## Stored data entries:
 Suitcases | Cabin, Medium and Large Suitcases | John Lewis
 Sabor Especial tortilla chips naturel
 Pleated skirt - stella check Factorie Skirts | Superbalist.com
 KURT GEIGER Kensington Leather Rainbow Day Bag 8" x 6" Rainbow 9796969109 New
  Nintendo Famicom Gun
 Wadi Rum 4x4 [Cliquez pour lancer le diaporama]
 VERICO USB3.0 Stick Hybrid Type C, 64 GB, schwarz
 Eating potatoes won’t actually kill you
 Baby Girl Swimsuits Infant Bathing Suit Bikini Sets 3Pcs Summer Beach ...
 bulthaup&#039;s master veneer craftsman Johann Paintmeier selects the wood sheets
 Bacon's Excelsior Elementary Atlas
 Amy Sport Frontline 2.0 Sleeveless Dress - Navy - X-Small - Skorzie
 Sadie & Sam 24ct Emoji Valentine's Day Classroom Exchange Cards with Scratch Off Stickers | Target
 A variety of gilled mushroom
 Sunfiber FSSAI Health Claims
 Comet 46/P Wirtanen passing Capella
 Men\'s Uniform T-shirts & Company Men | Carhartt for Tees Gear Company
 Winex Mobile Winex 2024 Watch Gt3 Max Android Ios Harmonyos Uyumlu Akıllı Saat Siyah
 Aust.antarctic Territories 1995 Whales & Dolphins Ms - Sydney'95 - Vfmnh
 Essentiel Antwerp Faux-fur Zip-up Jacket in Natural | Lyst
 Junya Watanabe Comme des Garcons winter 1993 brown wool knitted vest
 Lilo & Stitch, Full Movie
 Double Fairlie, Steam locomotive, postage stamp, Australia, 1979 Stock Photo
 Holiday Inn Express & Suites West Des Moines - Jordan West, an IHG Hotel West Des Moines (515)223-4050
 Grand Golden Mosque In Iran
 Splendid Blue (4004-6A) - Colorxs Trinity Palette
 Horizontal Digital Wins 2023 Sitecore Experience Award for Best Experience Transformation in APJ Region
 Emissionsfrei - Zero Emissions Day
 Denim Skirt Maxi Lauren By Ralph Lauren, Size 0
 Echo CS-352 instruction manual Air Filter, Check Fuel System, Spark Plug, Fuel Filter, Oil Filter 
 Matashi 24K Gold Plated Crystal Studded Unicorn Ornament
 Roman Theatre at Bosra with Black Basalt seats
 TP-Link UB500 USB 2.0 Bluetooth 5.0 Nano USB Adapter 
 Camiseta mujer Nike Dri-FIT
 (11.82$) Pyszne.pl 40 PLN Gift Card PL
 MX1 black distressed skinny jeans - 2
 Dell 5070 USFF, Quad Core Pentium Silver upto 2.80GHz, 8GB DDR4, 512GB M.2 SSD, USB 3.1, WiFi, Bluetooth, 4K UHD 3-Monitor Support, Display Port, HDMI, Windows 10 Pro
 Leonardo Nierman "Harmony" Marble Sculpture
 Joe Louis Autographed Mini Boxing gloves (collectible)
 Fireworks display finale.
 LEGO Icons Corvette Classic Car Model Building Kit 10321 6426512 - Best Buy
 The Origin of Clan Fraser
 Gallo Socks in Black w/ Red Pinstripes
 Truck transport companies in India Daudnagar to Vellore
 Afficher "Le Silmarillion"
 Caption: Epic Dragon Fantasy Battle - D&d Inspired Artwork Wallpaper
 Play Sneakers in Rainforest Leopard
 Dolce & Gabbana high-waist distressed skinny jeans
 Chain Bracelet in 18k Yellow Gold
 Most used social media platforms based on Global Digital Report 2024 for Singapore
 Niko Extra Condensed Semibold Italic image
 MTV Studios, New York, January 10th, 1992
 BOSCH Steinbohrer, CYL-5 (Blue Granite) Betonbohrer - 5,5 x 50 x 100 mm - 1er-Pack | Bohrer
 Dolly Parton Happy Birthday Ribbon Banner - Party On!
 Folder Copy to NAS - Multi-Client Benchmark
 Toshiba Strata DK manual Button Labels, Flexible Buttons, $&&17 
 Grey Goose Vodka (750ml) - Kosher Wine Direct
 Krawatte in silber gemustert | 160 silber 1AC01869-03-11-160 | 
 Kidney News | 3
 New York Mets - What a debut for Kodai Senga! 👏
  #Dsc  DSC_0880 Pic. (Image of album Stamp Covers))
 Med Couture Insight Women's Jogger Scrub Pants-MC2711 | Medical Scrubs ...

## TASK TO CARRY OUT:
Show every line of the data that includes the string "York".

## OUTPUT:
 MTV Studios, New York, January 10th, 1992
 New York Mets - What a debut for Kodai Senga! 👏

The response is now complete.